*** Collected data Section Begins ***
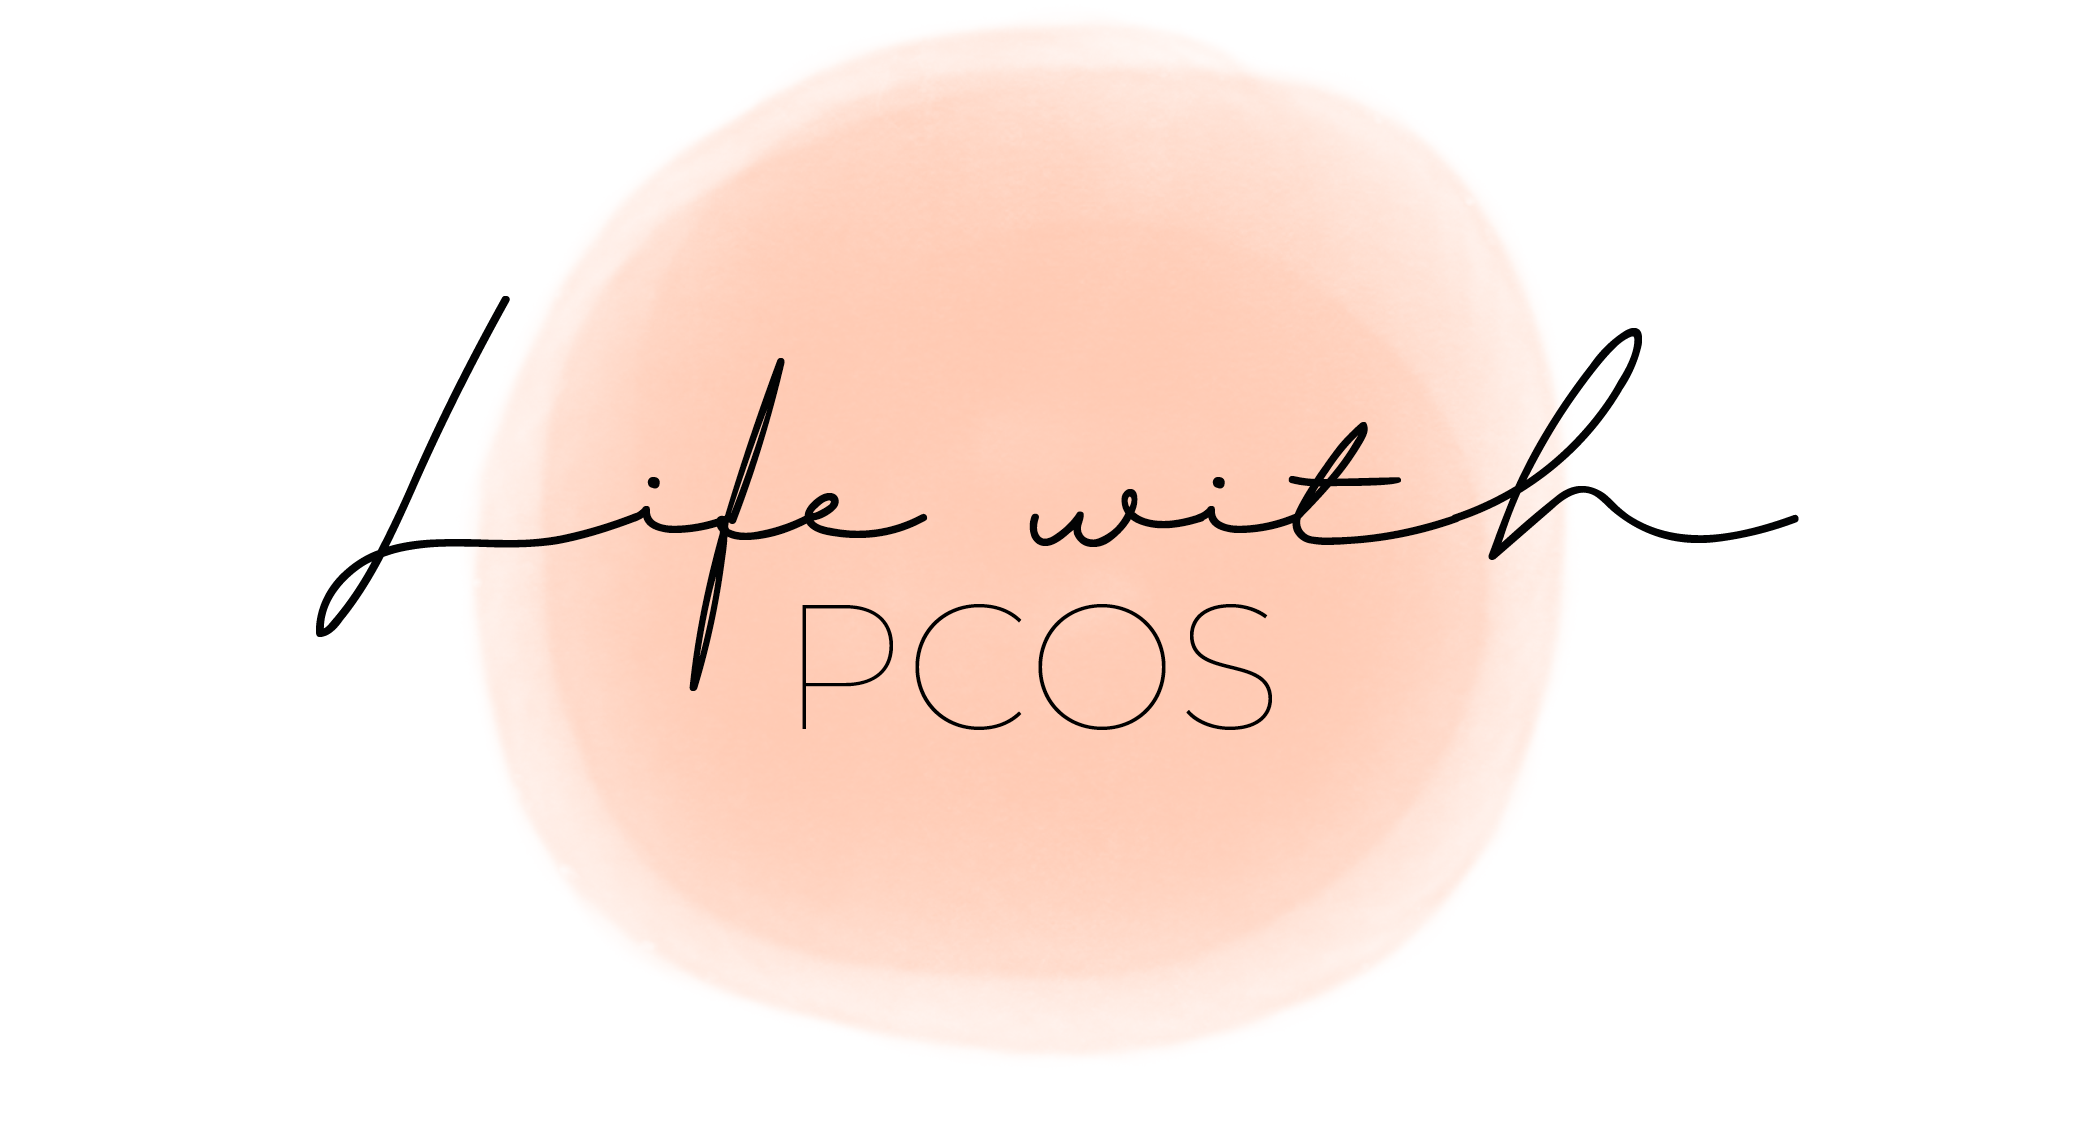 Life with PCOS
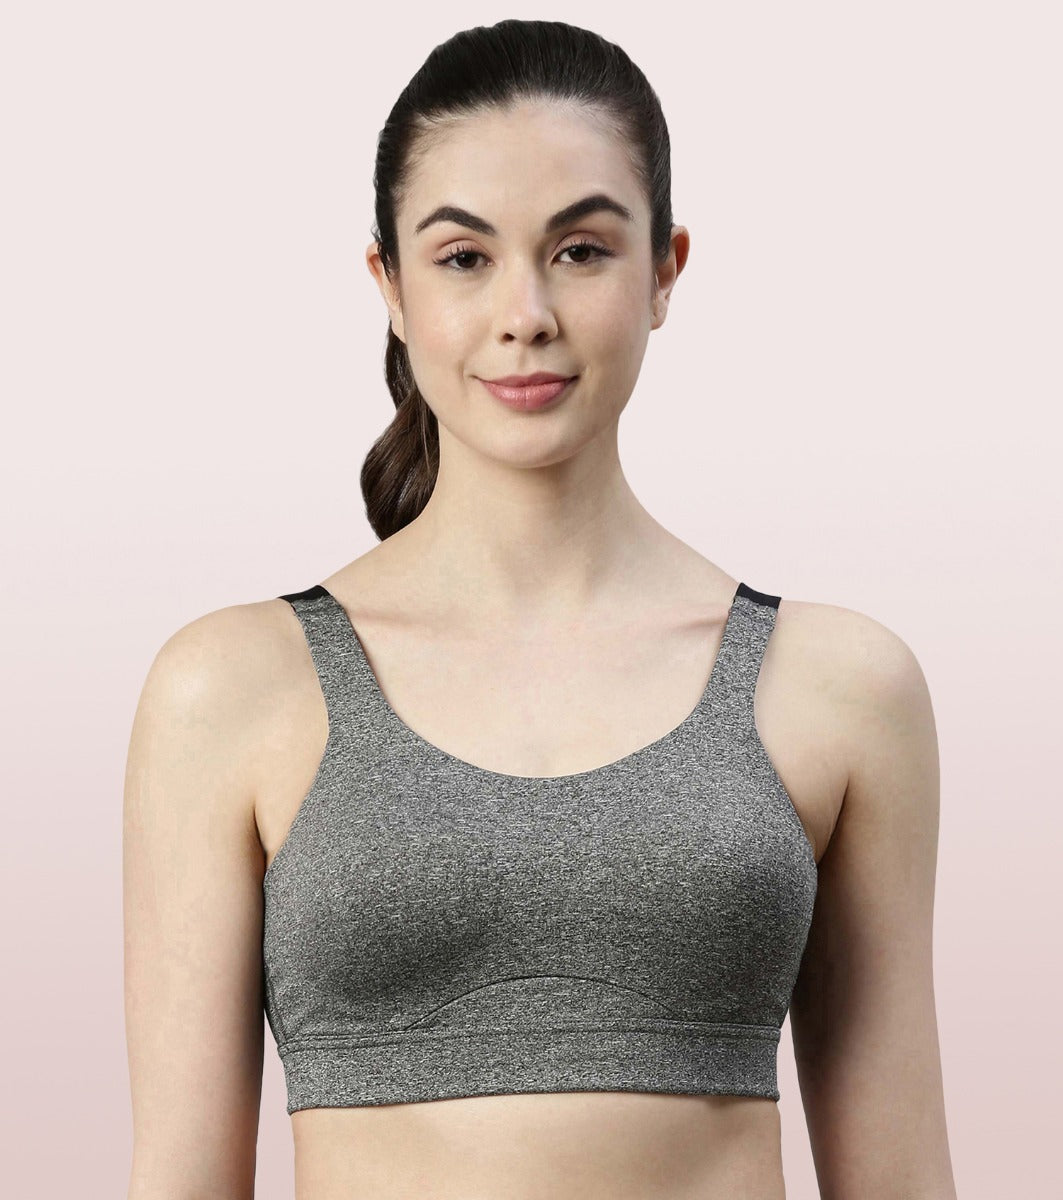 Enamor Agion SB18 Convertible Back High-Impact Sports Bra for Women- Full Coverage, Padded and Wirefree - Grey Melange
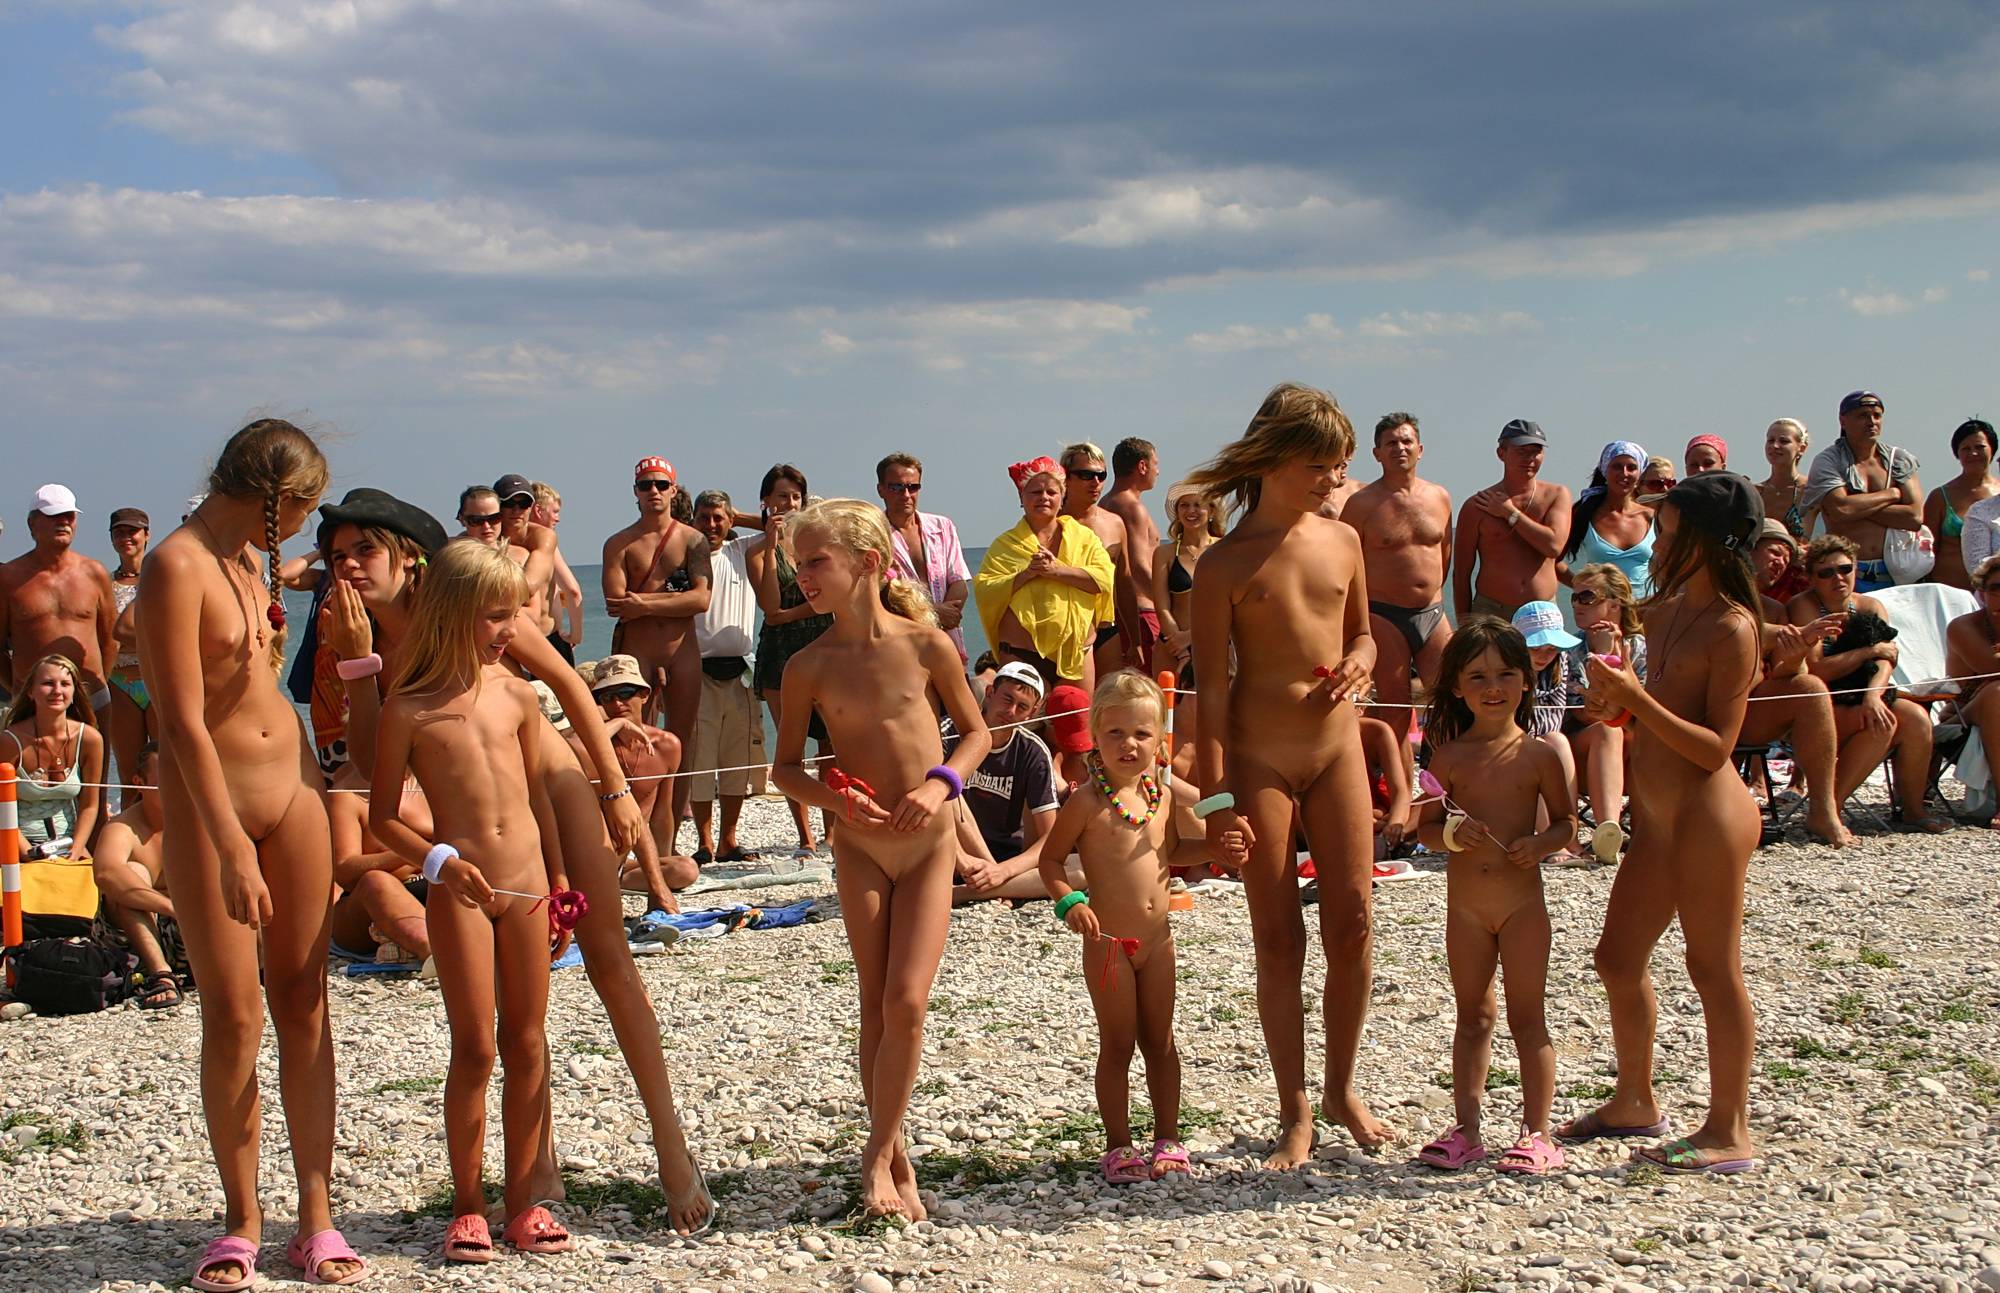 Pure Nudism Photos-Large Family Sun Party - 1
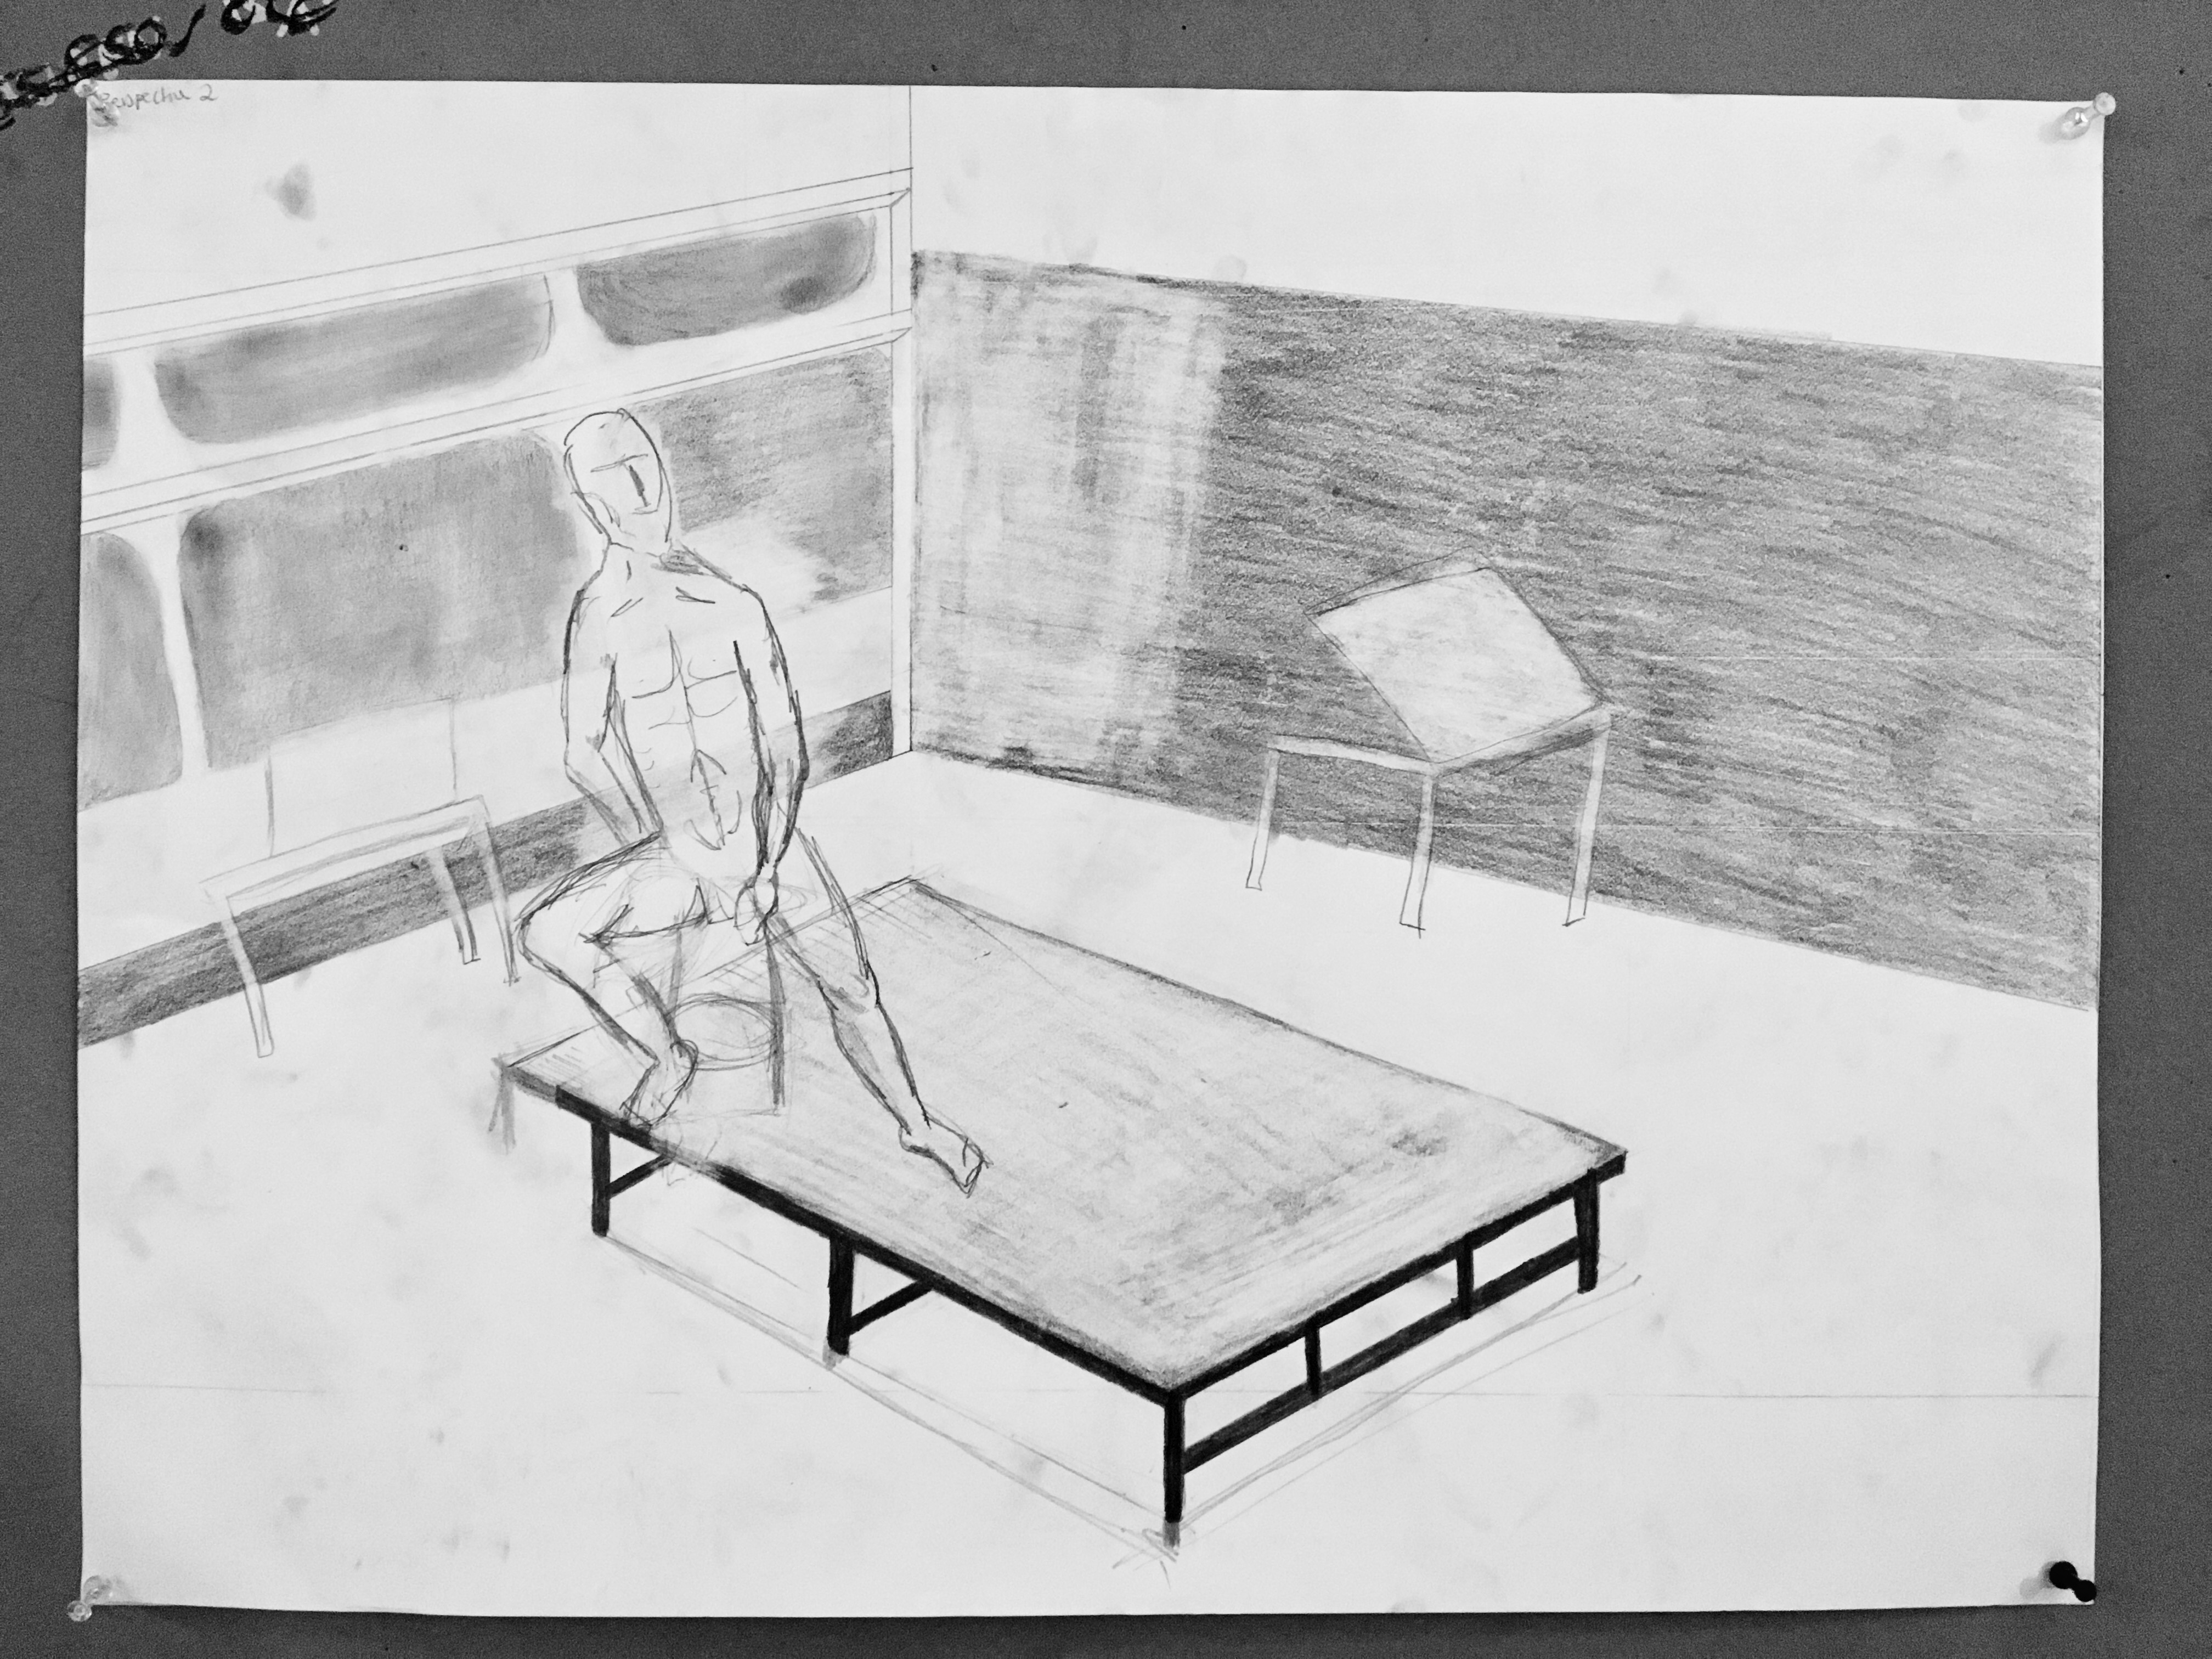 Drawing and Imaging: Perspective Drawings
*** Collected data Section Ends ***
**Aim of the task**
Where the line holding "Enamor Agion SB18" appears, start copying, and continue exactly through the last line of the listing, both ends included, skipping the pictures.

**Task answer**
 Enamor Agion SB18 Convertible Back High-Impact Sports Bra for Women- Full Coverage, Padded and Wirefree - Grey Melange
 Pure Nudism Photos-Large Family Sun Party - 1
 Drawing and Imaging: Perspective Drawings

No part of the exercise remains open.